■ Material provided
+ + + + +

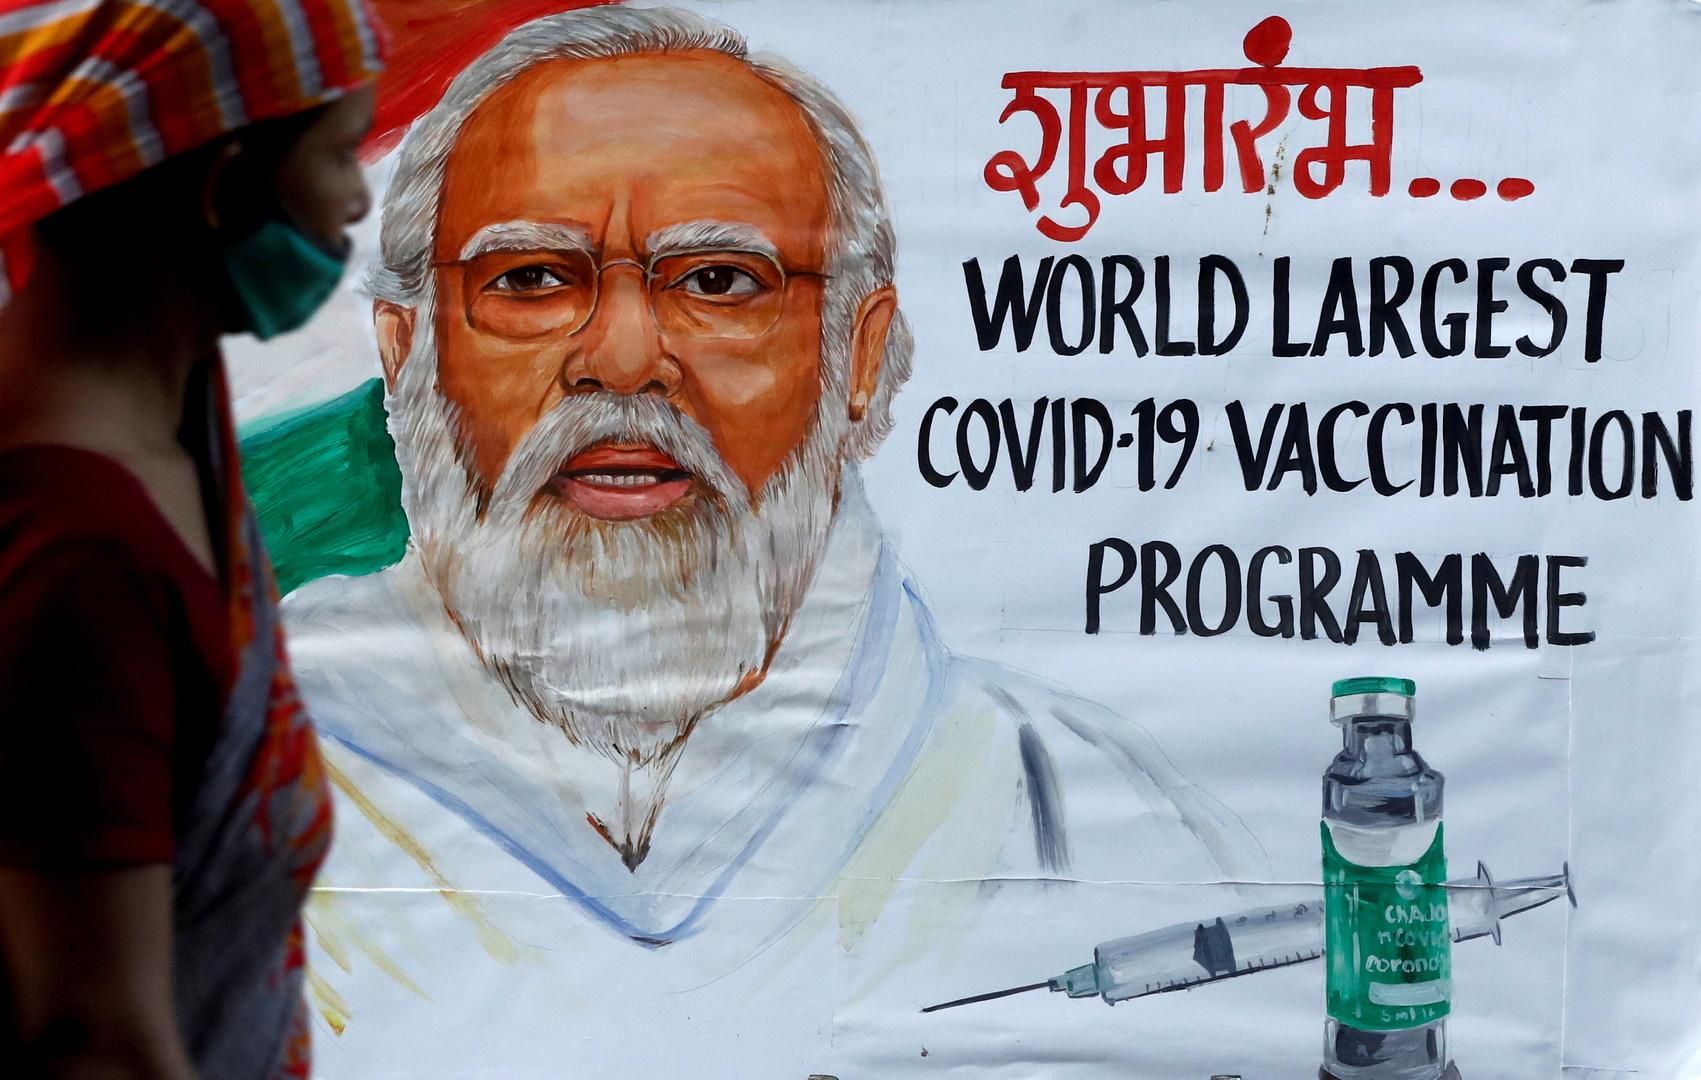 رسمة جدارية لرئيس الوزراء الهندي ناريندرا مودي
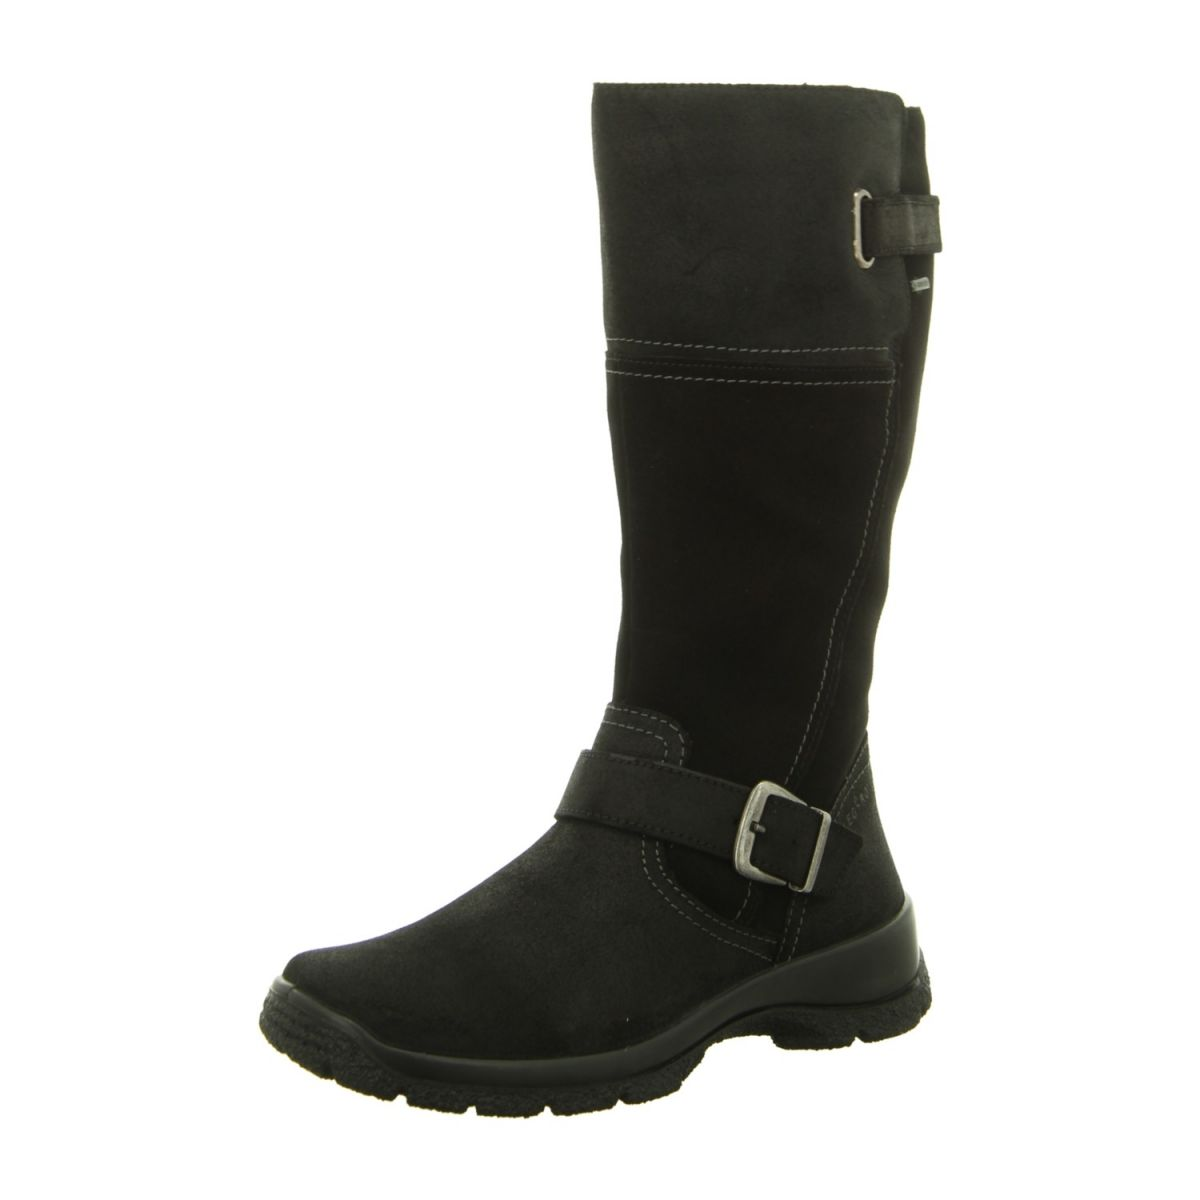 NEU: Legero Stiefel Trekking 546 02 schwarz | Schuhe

+ + + + +

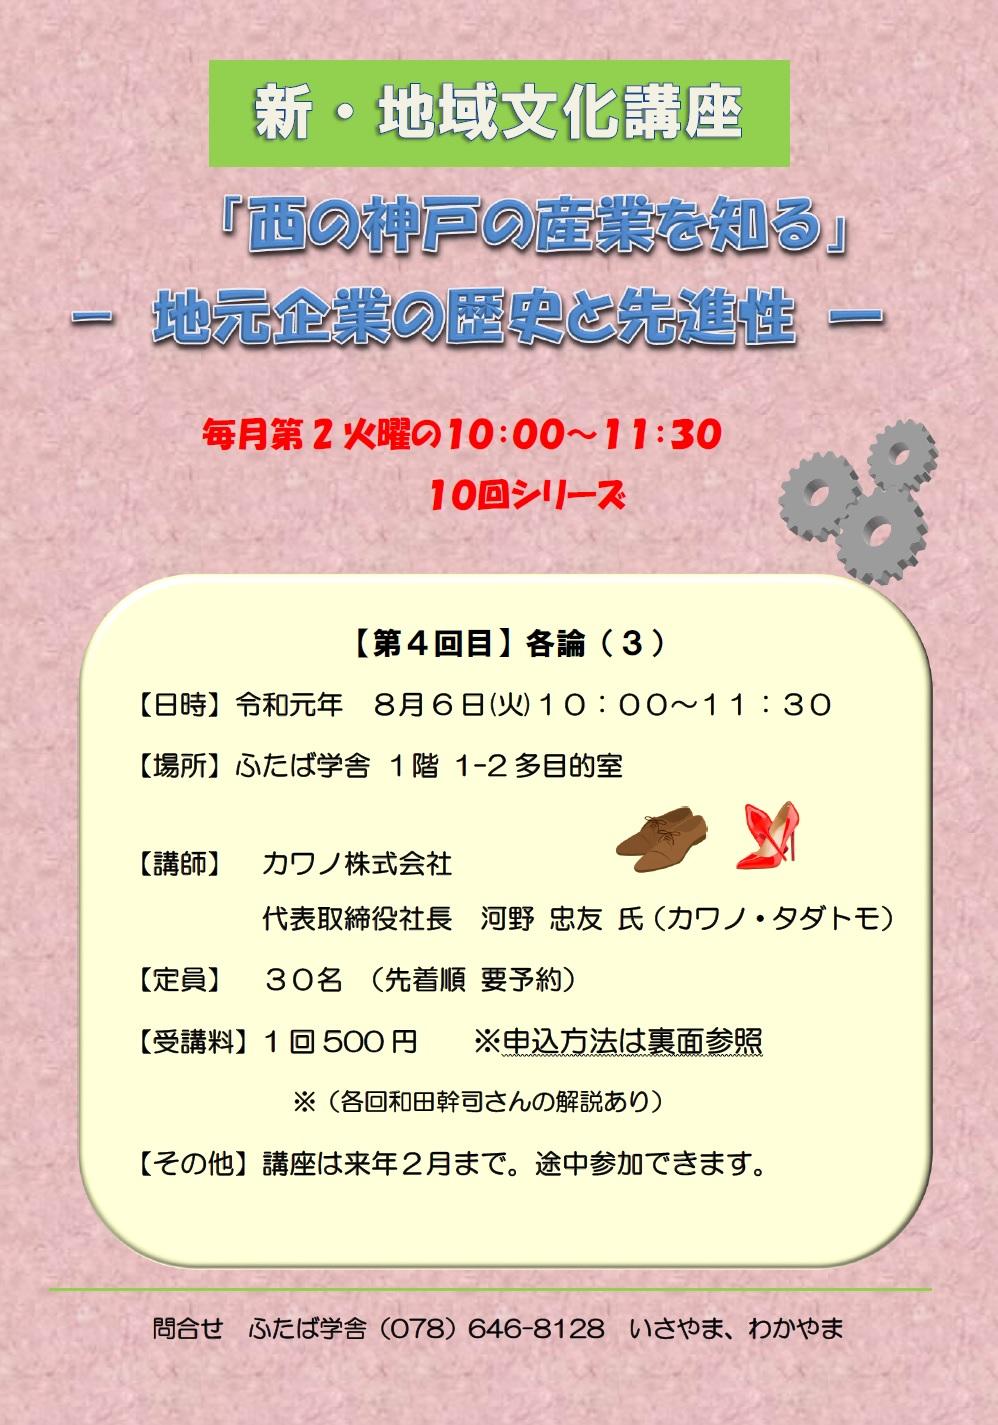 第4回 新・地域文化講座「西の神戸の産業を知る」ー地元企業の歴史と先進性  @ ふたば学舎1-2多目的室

+ + + + +

■ Work instructions
Using the listing above, reproduce word for word every line from the one containing "رسمة جدارية لرئيس" through the one containing "NEU: Legero Stiefel". Pictures must be left out.

■ Your response
 رسمة جدارية لرئيس الوزراء الهندي ناريندرا مودي
 NEU: Legero Stiefel Trekking 546 02 schwarz | Schuhe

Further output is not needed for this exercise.